Can RTX 5060 Ti run Gemma 3 12B?
Yes — runs locally
~48 tok/sec · Fast — smooth conversation. Responses feel real-time.
The verdict
The RTX 5060 Ti (16 GB VRAM) handles Gemma 3 12B comfortably using the Q4_K_M quantization, which fits in 7.3 GB. Expected throughput is around 48 tokens/second, which feels Fast — smooth conversation. Responses feel real-time. in interactive use. High quality 12B model. Excellent for iPad Pro and Mac.
Setup tutorial: Gemma 3 12B on RTX 5060 Ti
AI-generated, GPU-specific. Verified commands for your exact hardware.
Run Gemma 3 12B on your NVIDIA GeForce RTX 5060 Ti with Ollama using the Q4_K_M quantization for Grade S performance at ~81 tok/sec.
Prerequisites
Before starting, ensure you have at least 10GB of free disk space, a compatible operating system (Windows or Linux), the latest NVIDIA drivers (version 525.60.11 or later), and CUDA 11.8 installed.
Expected performance
With the recommended settings, you can expect the model to run at approximately 81 tokens per second, using around 7.3GB of VRAM. This leaves about 8.7GB of VRAM for context, allowing for a practical context window of up to 32,768 tokens.
1. Install runtimeOllama
pip install ollama
ollama init2. Download the model
Download the 6.8GB Q4_K_M quantized version of Gemma 3 12B from Hugging Face.
ollama pull bartowski/google_gemma-3-12b-it-GGUF:google_gemma-3-12b-it-Q4_K_M.gguf3. Run it
ollama run google_gemma-3-12b-it-Q4_K_M.gguf --n-gpu-layers 12 --flash-attn --tensor-parallelism 24. Optimize for RTX 5060 Ti
For optimal performance on the NVIDIA GeForce RTX 5060 Ti with 16GB VRAM, set --n-gpu-layers to 12 to utilize most of the VRAM while leaving some headroom. Enable --flash-attn for faster attention computation and set --tensor-parallelism to 2 to distribute the workload across the GPU cores effectively.
Troubleshooting
Out of memory error during inference
Reduce the number of --n-gpu-layers to 8 or 6 to lower VRAM usage.
Slow token generation speed
Ensure that --flash-attn is enabled and try increasing --tensor-parallelism to 4 if your GPU supports it.
Model fails to load
Check that the model file is fully downloaded and not corrupted.
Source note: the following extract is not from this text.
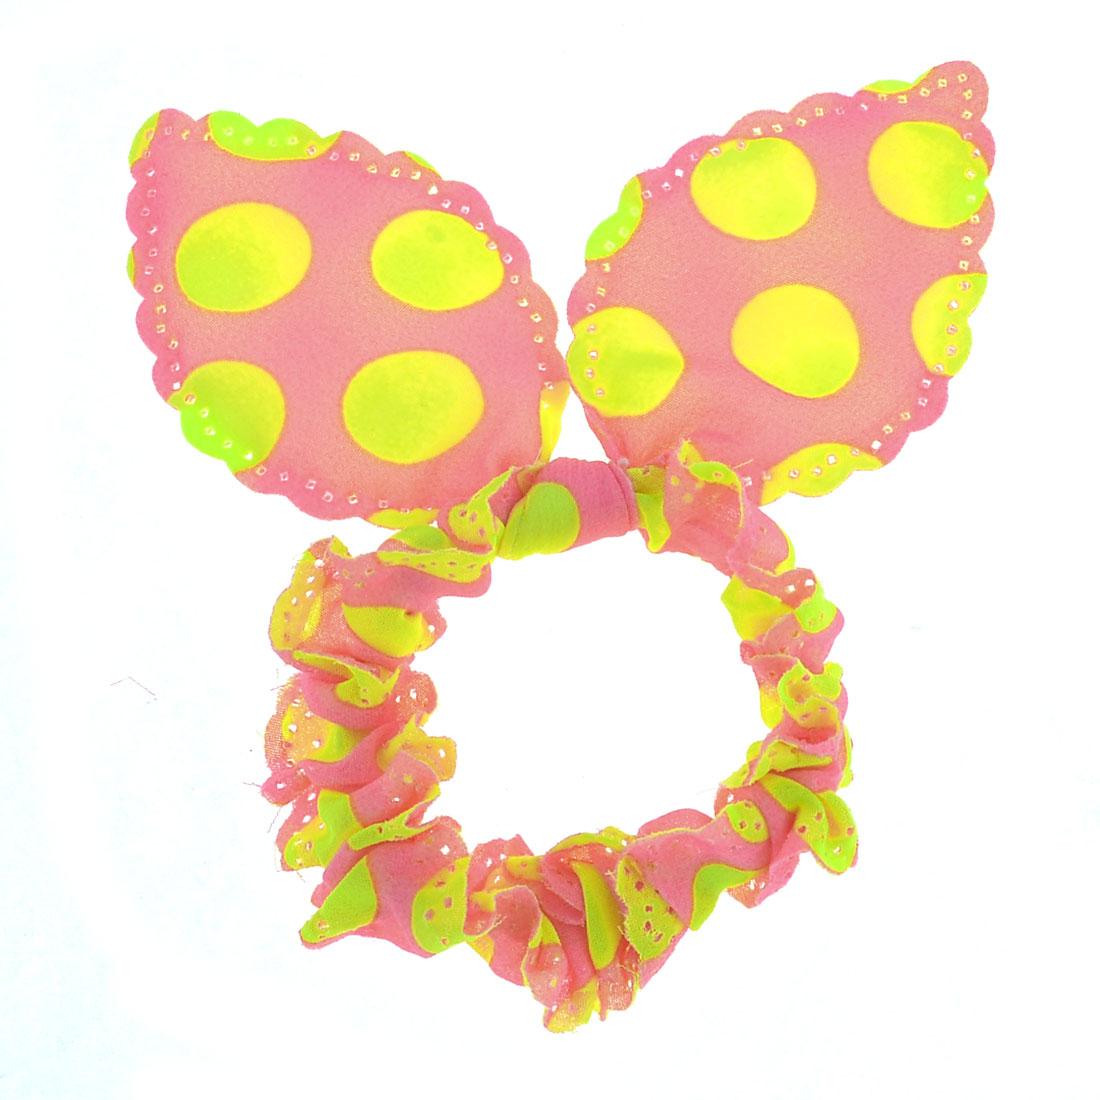 Women Fluorescent Yellow Dots Print Rabbit Ear Style Elastic Band Hair Tie Pink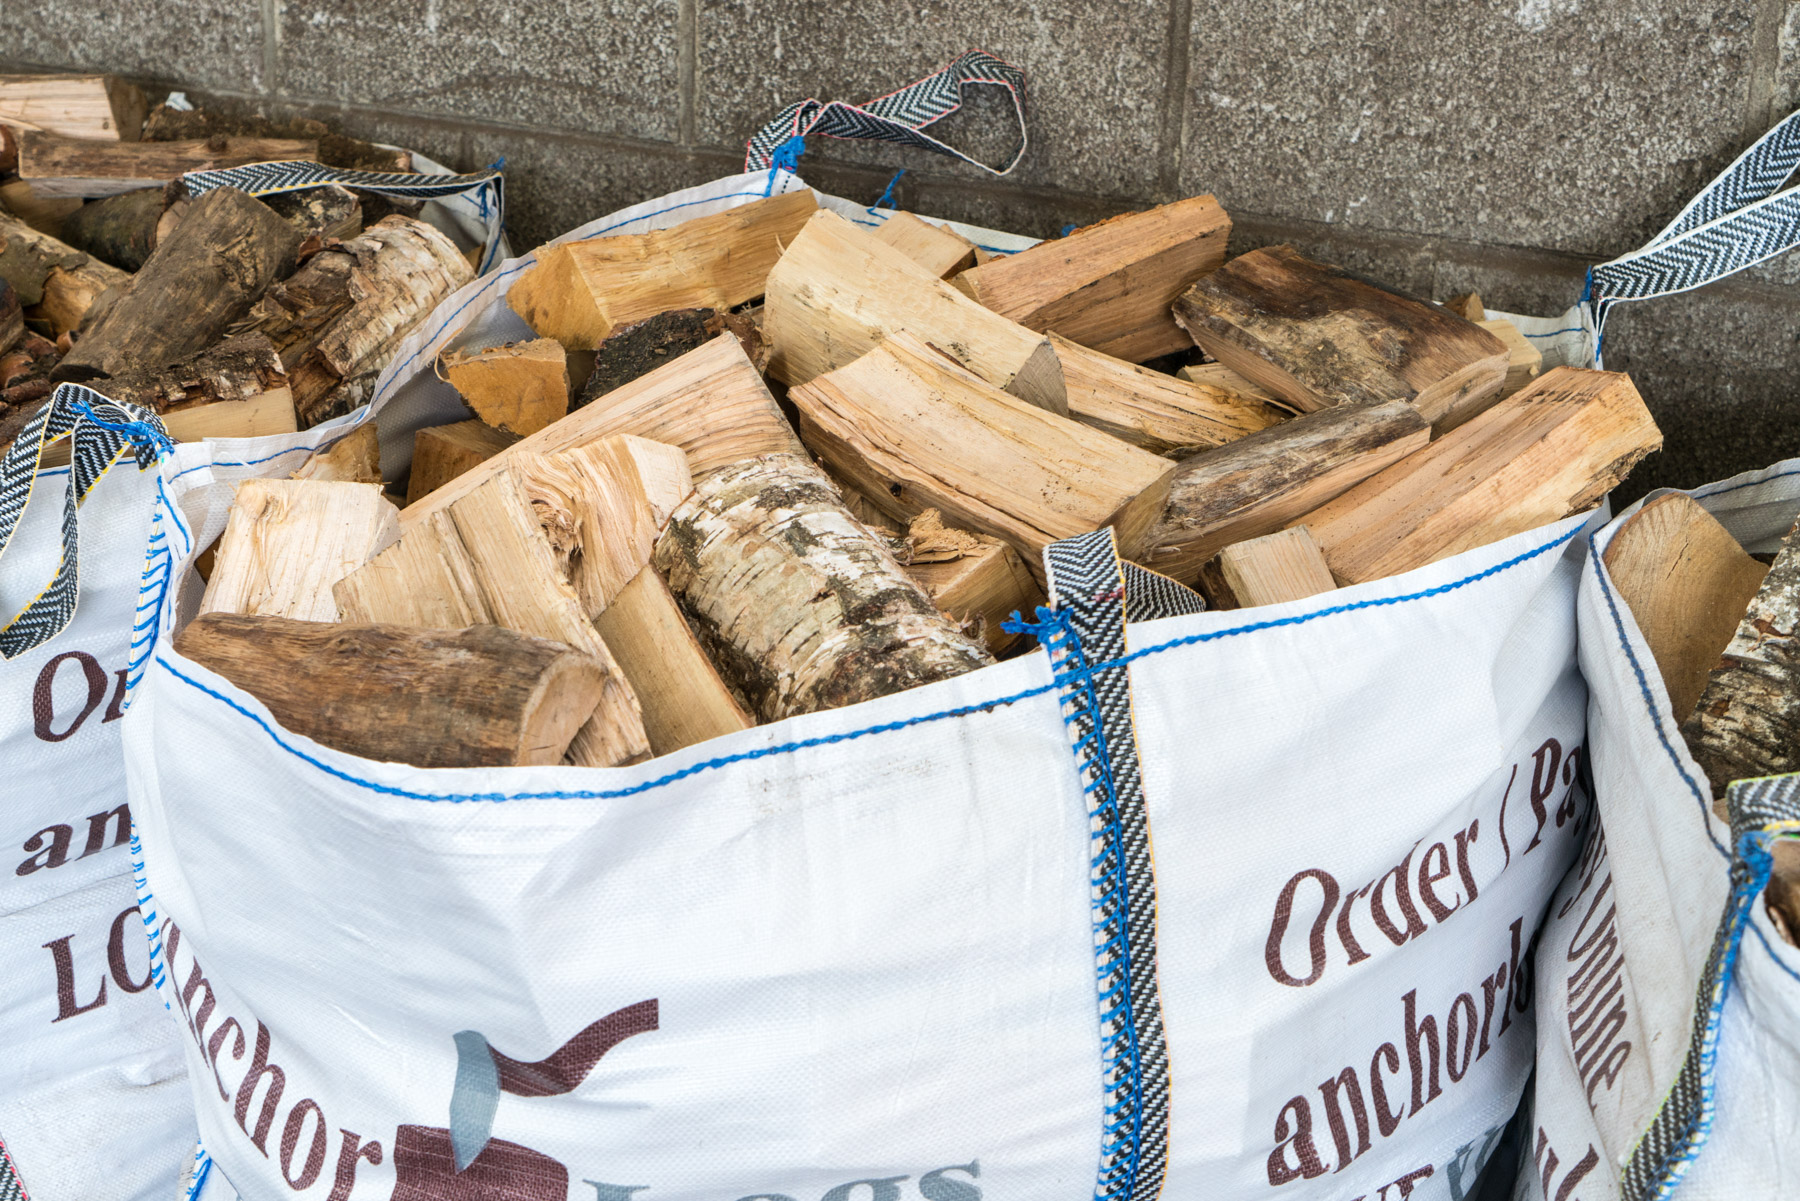 Large Dumpy Bag: Kiln Dried Mixed Hardwoods

Re-run the download command if necessary.
Alternative runtimes
For users preferring a different runtime, consider LM Studio for a more user-friendly GUI, llama.cpp for lightweight and portable deployment, or Jan for advanced customization options. Each runtime has its strengths, but Ollama provides a balanced approach for ease of use and performance on the NVIDIA GeForce RTX 5060 Ti.
Other models that run great on RTX 5060 Ti
FAQ (20)
What GPU do I need to run Gemma 3 12B?
To run Gemma 3 12B, you need a GPU with at least 7.3 GB of VRAM, but 12.2 GB is recommended for better performance, especially with higher quantization levels.
Is Gemma 3 12B good for coding?
Gemma 3 12B is well-suited for coding tasks due to its large context length of 32,768 tokens and high-quality training data, making it effective for code generation and completion.
Gemma 3 12B vs Llama 3.1 8B?
Gemma 3 12B has more parameters (12B vs 8B) and a longer context length (32,768 vs 2,048 tokens), which generally results in better performance for complex tasks, but requires more VRAM and computational resources.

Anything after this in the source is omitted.